The task:
Reproduce every line of the material below exactly. No pictures belong in the copy.

Data block:

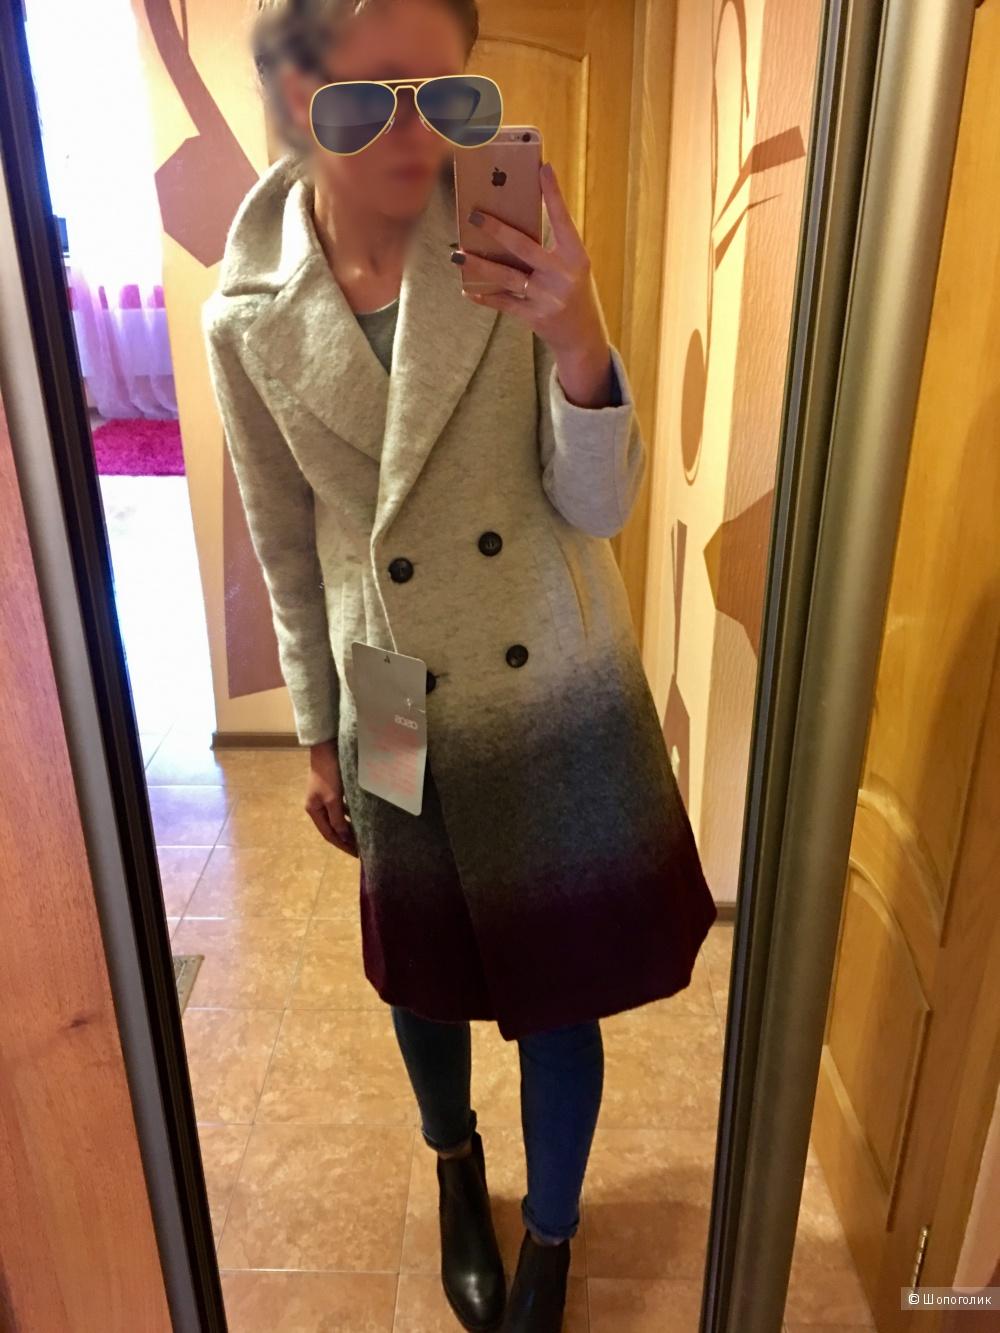 Продаю теплое пальто с ASOS, 40 размер евро (44-46 рос)! Все этикетки сохранены, абсолютно новое, не ношенное.
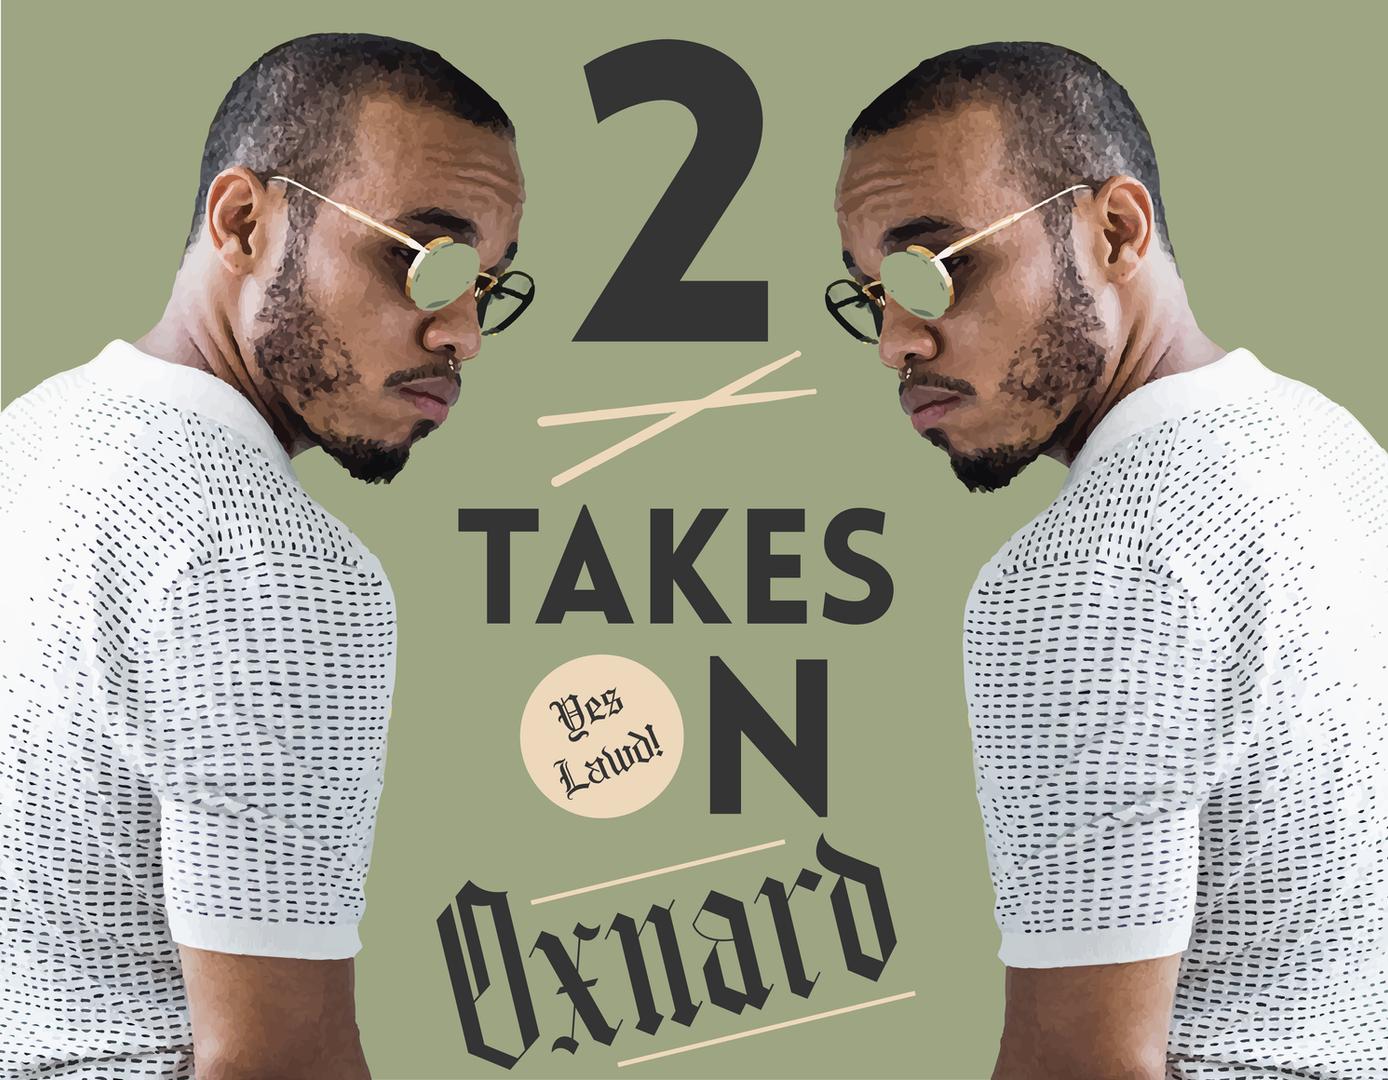 2 Takes on Oxnard
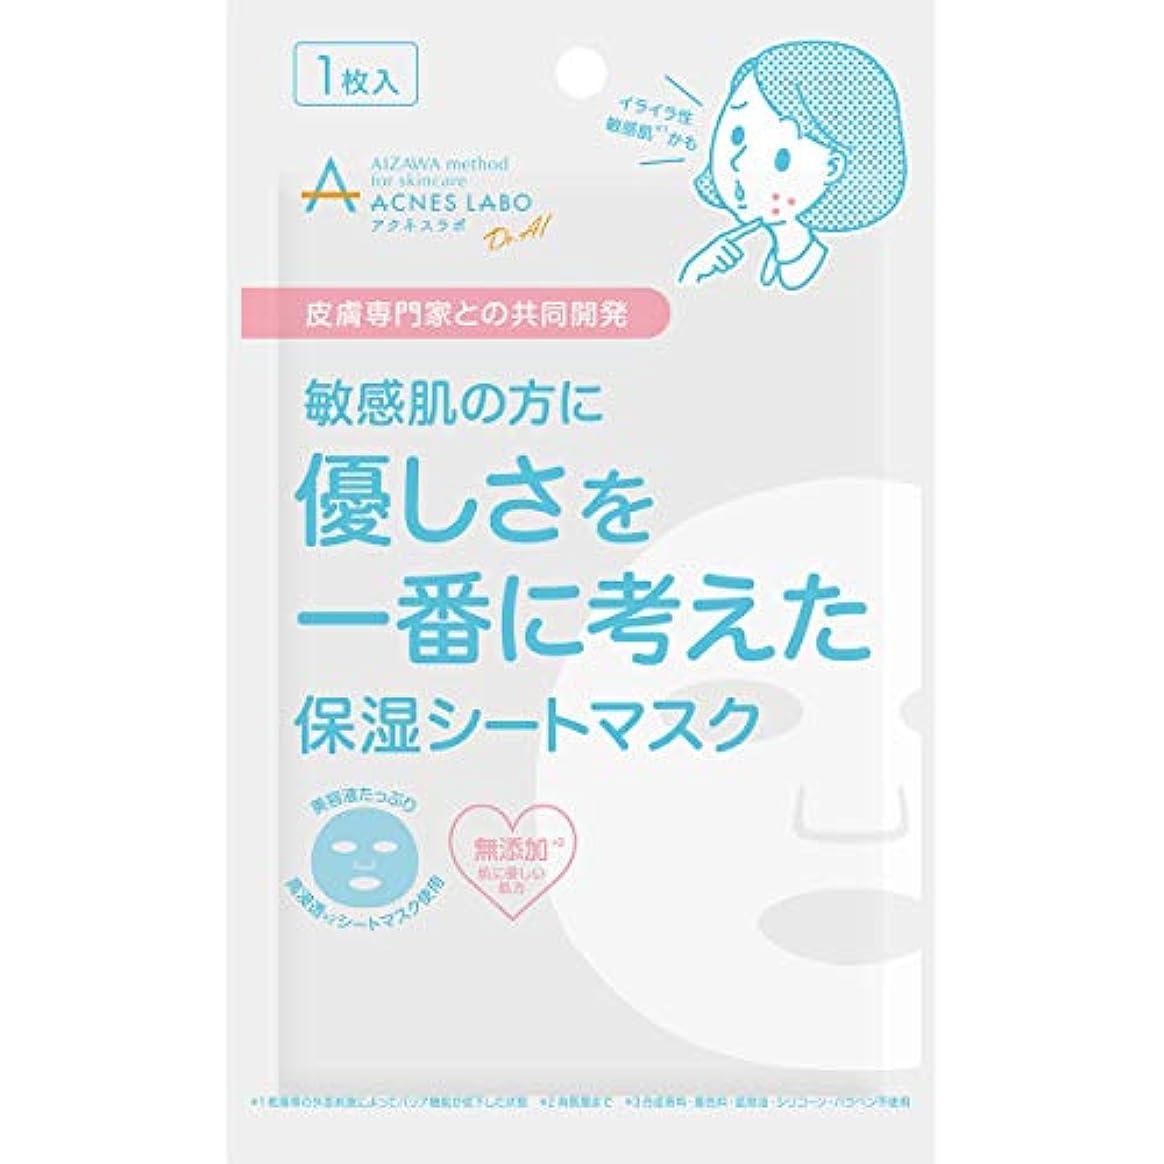 リマークフルーティーおじいちゃんアクネスラボ モイスチャーフェイスマスク 22ml×1枚

Solved exercise:
 Продаю теплое пальто с ASOS, 40 размер евро (44-46 рос)! Все этикетки сохранены, абсолютно новое, не ношенное.
 2 Takes on Oxnard
 リマークフルーティーおじいちゃんアクネスラボ モイスチャーフェイスマスク 22ml×1枚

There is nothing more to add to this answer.